====== AVAILABLE DATA ======

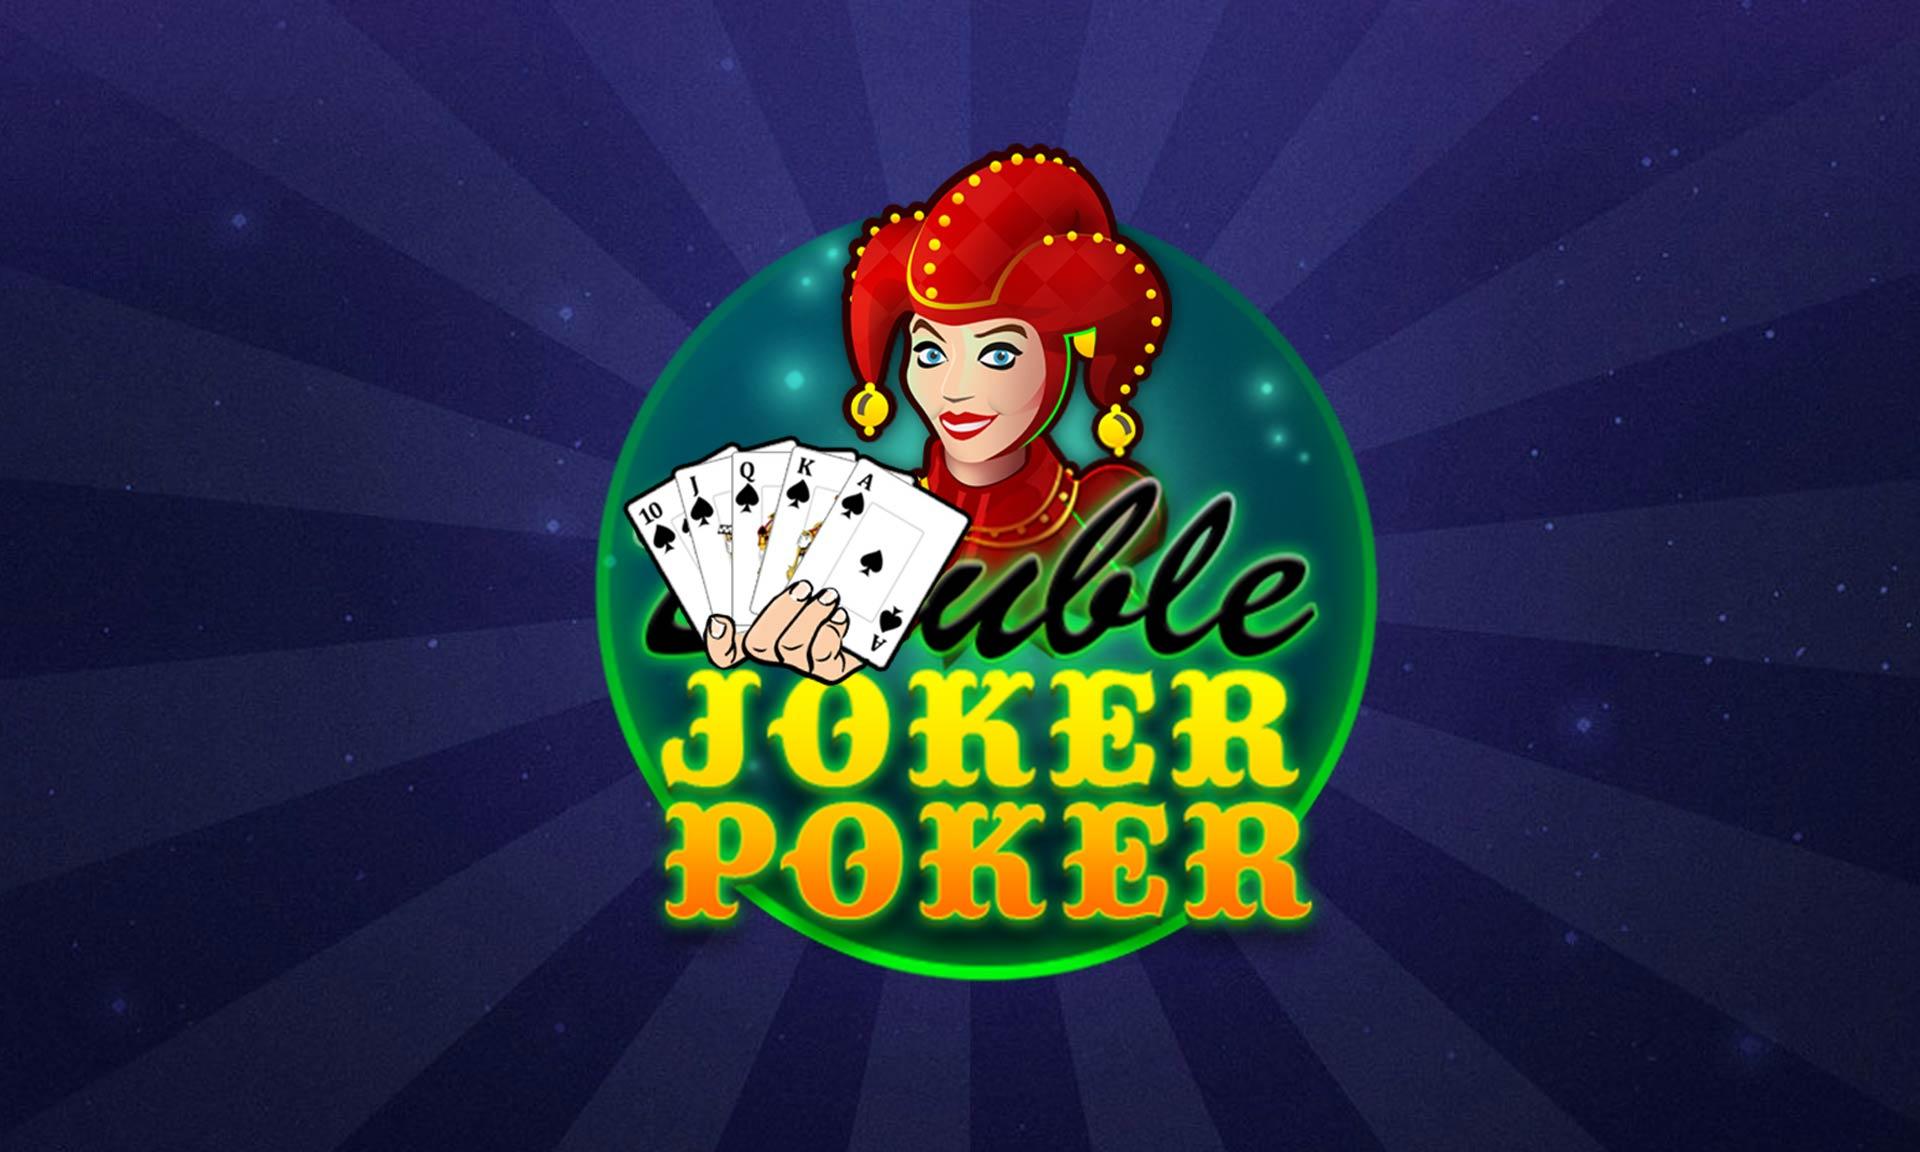 Покер онлайн с джокером казино техасский покер г москва
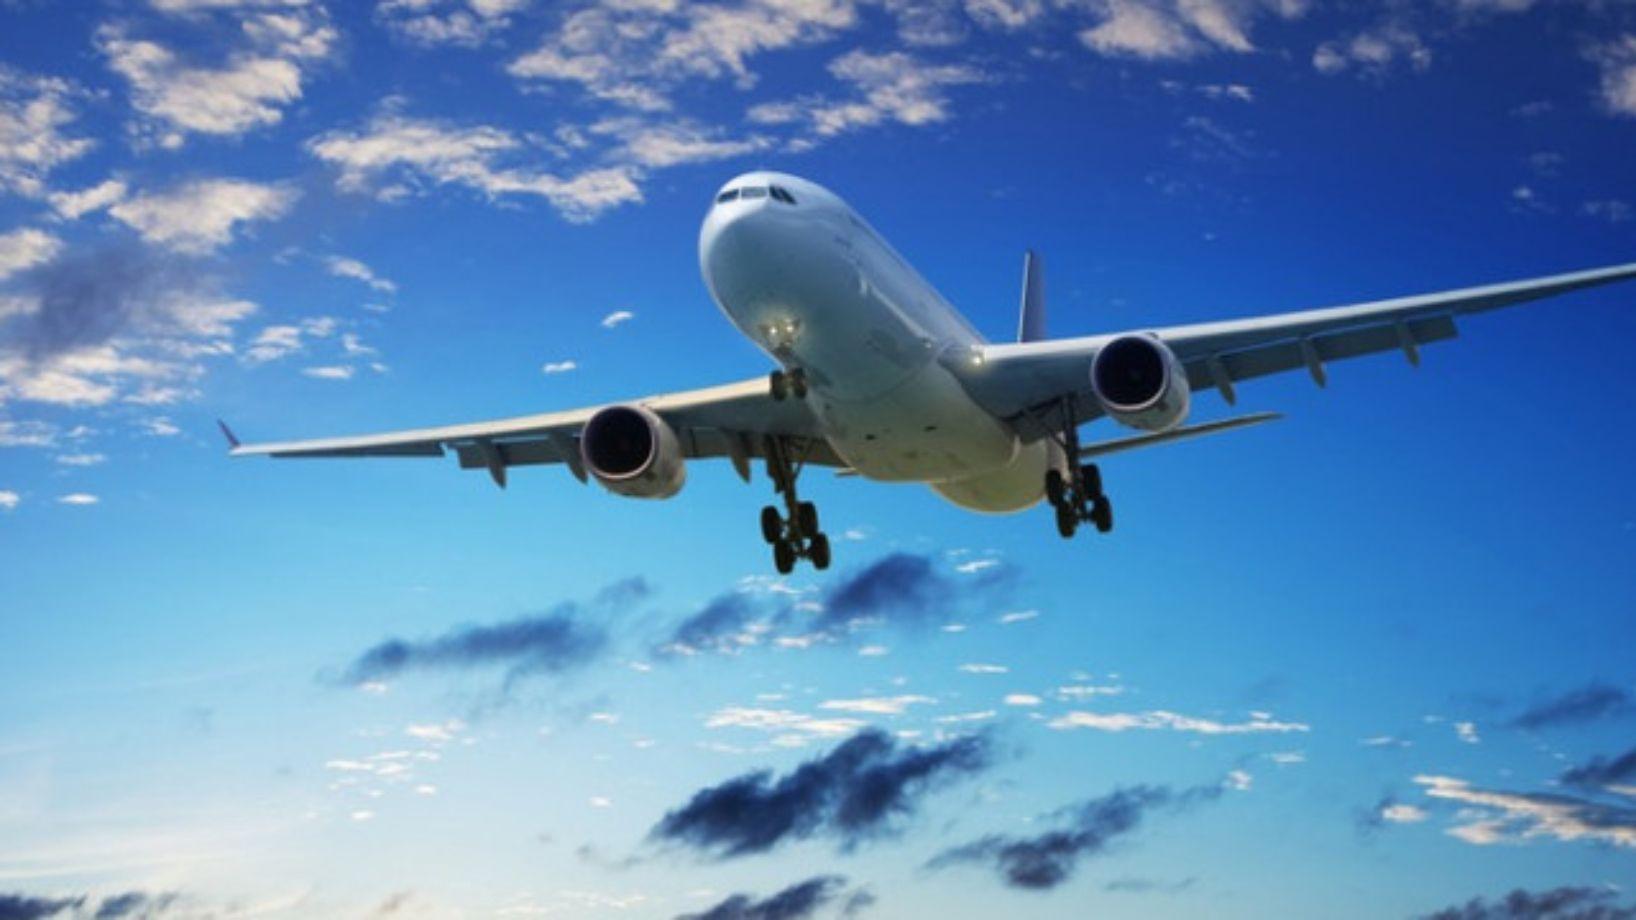 Guvernul sporește măsurile de gestionare a situațiilor de urgență în domeniul aeronautic
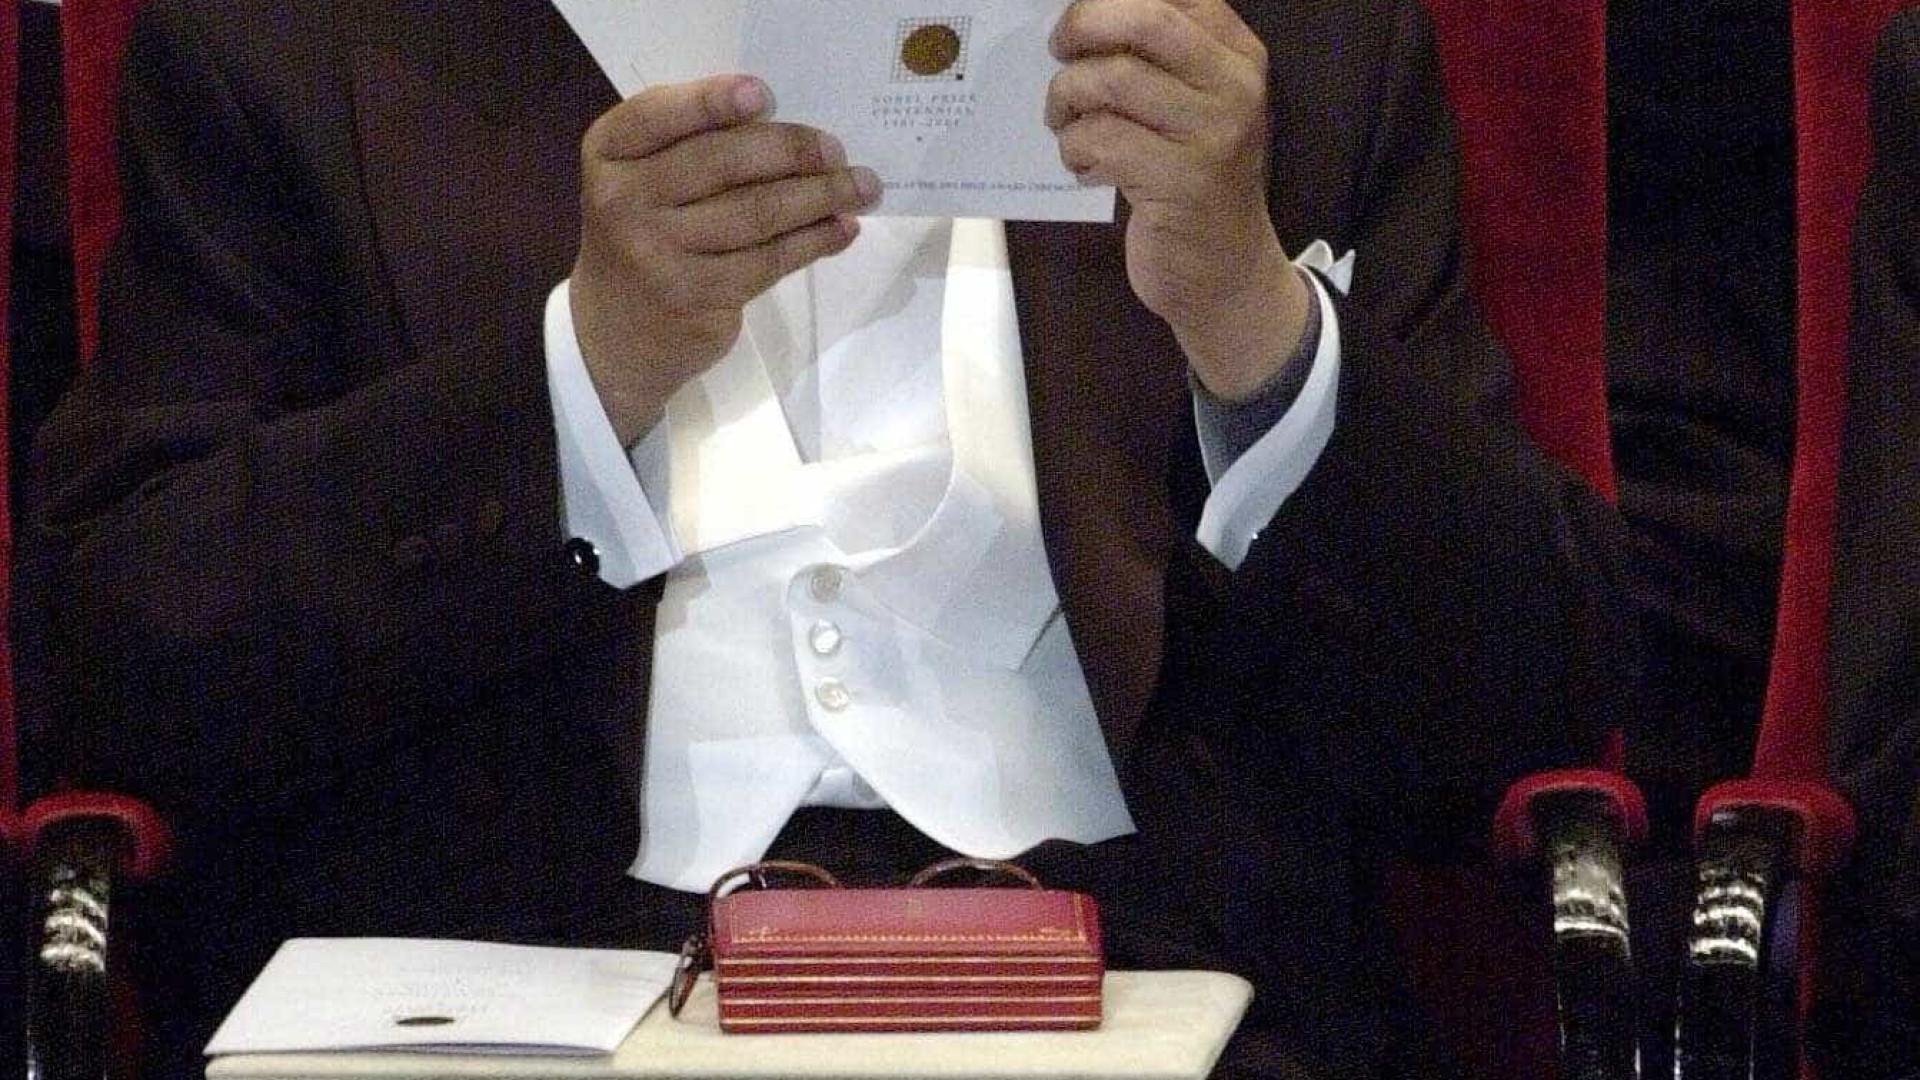 Morre o romancista V. S. Naipaul, vencedor do Nobel, aos 85

======

● **ABOUT THIS EXERCISE**:
Once the pictures are dropped, repeat the data above exactly.

● **YOUR RESPONSE**:
 Покер онлайн с джокером казино техасский покер г москва
 Guvernul sporește măsurile de gestionare a situațiilor de urgență în domeniul aeronautic
 Morre o romancista V. S. Naipaul, vencedor do Nobel, aos 85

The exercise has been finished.